Ah, is there even any point in me telling you about another new character Harry Palin? Harry is the boss of the forensic team and the one true ally that Russell Dixon (ex detective and Joe’s close friend, co-sleuth, and landlord) has in the force after being forced out by his arch nemesis, and all round homophobic and mega bigoted arse biscuit, Detective Simon Skinner. Ooooh, I really hate Simon Skinner. What an utter crusty bum cheek. If I had half a mind to spare I certainly give him half of it to tell him, er, to say what a, um… if I had half a mind to say he has a mind to tell me what a… no… wait… If my mind was half the mind his was then I would take half and give it back… oh sod it, you get the idea. Only you don’t because I’m talking to myself here, aren’t I? Yes, yes I am. But Harry is a friend to Russell when he needs it and I hope we see him again in the future.

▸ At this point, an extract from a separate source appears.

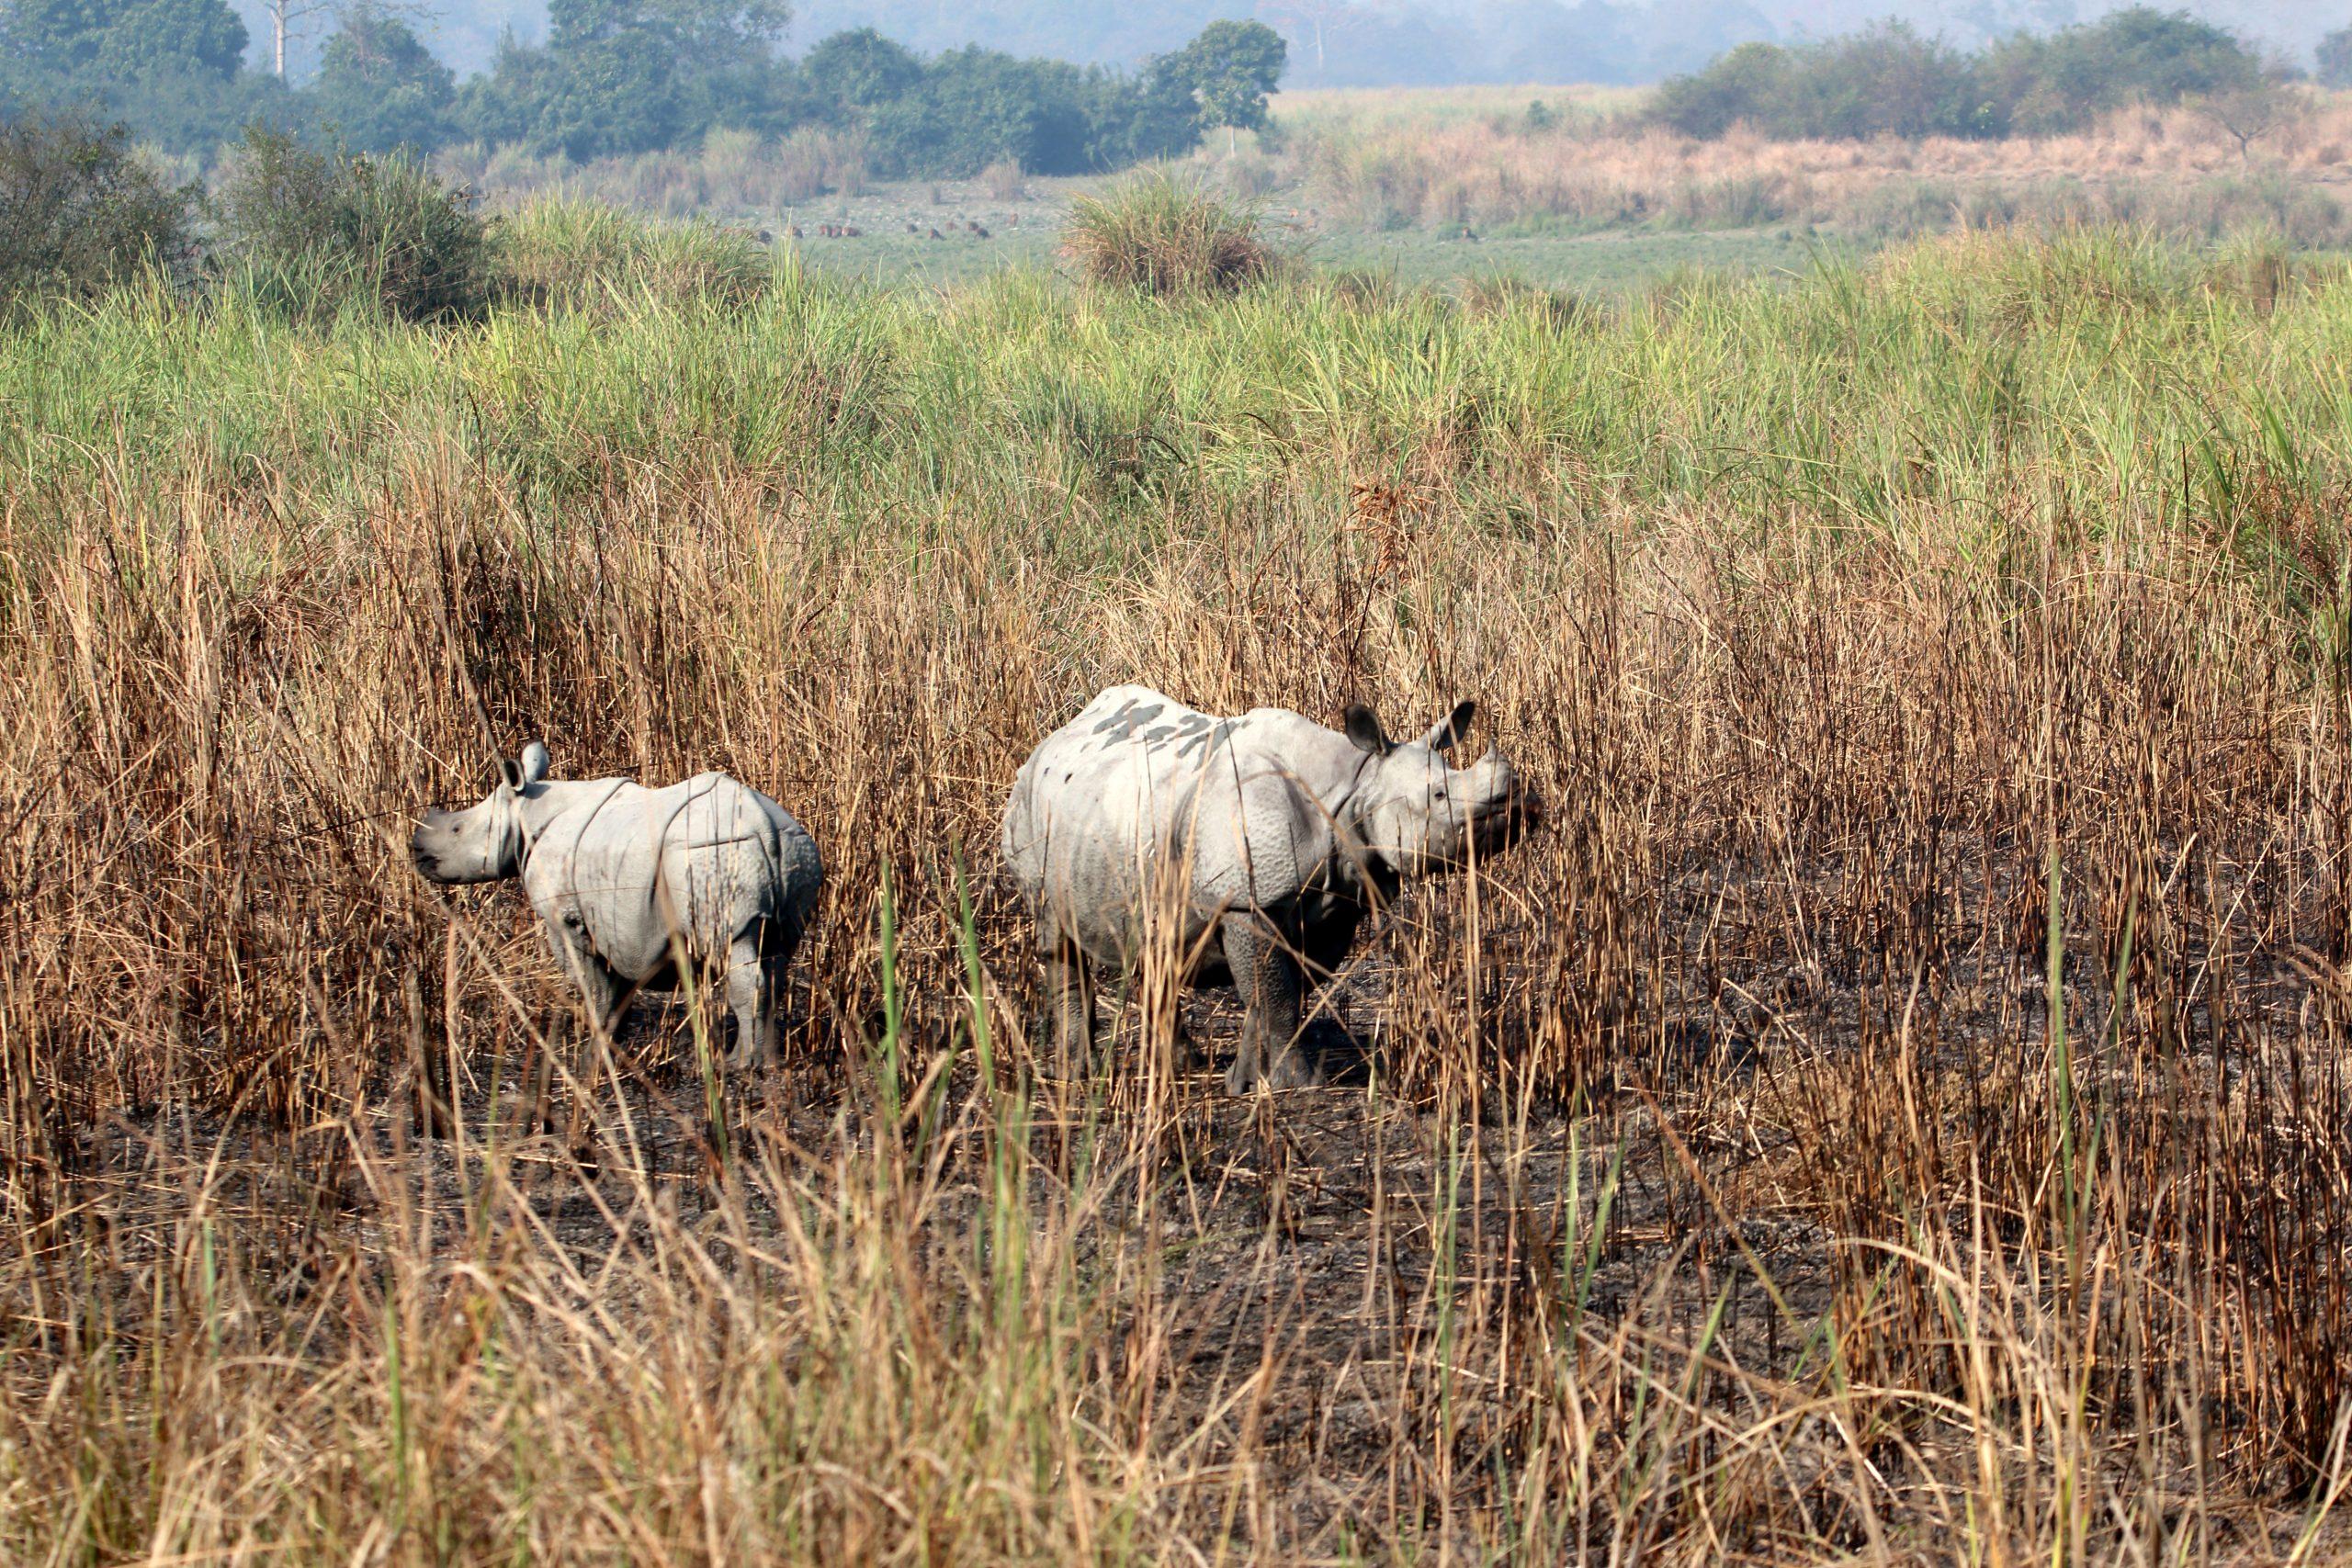 A pair of rhino in grassland

I kind of see the weaselly Detective Skinner as this guy from the Mad Magazine Spy vs Spy strips. He’s just as conniving and untrustworthy. Bah





Careless Whisper also introduces us to Lydia, “[…] a short, wiry red-haired Irish woman, with an infectious grin and a compelling turn of phrase.”, a nurse in the hospital where [spoiler] ends up after a nasty run in with the oh-so-understanding police. She is a force to be reckoned with and proves herself invaluable when the need arises. She is another character I would love to see pop up again.

And, possibly most importantly of all for one certain character, there’s Freddie Gillespie, but, even though no one is reading this, I’m leaving him a mystery for you to discover.

You see, if you were still reading this that is, even in its scant page count, Careless Whisper manages to introduce us to millions more new characters alongside our returning regulars – Joe, Russell, Red Lion landlord Ron, Patty Cakes aka Paul and the aforementioned Simon *spit* Skinner *spits again* – in such a way as to make you feel you already know who they are. That Toby S Hunter, he’s good, I’ll give him that.

Okay, so I’ve not told you about some of the new and returning characters, so what else can I not tell you about?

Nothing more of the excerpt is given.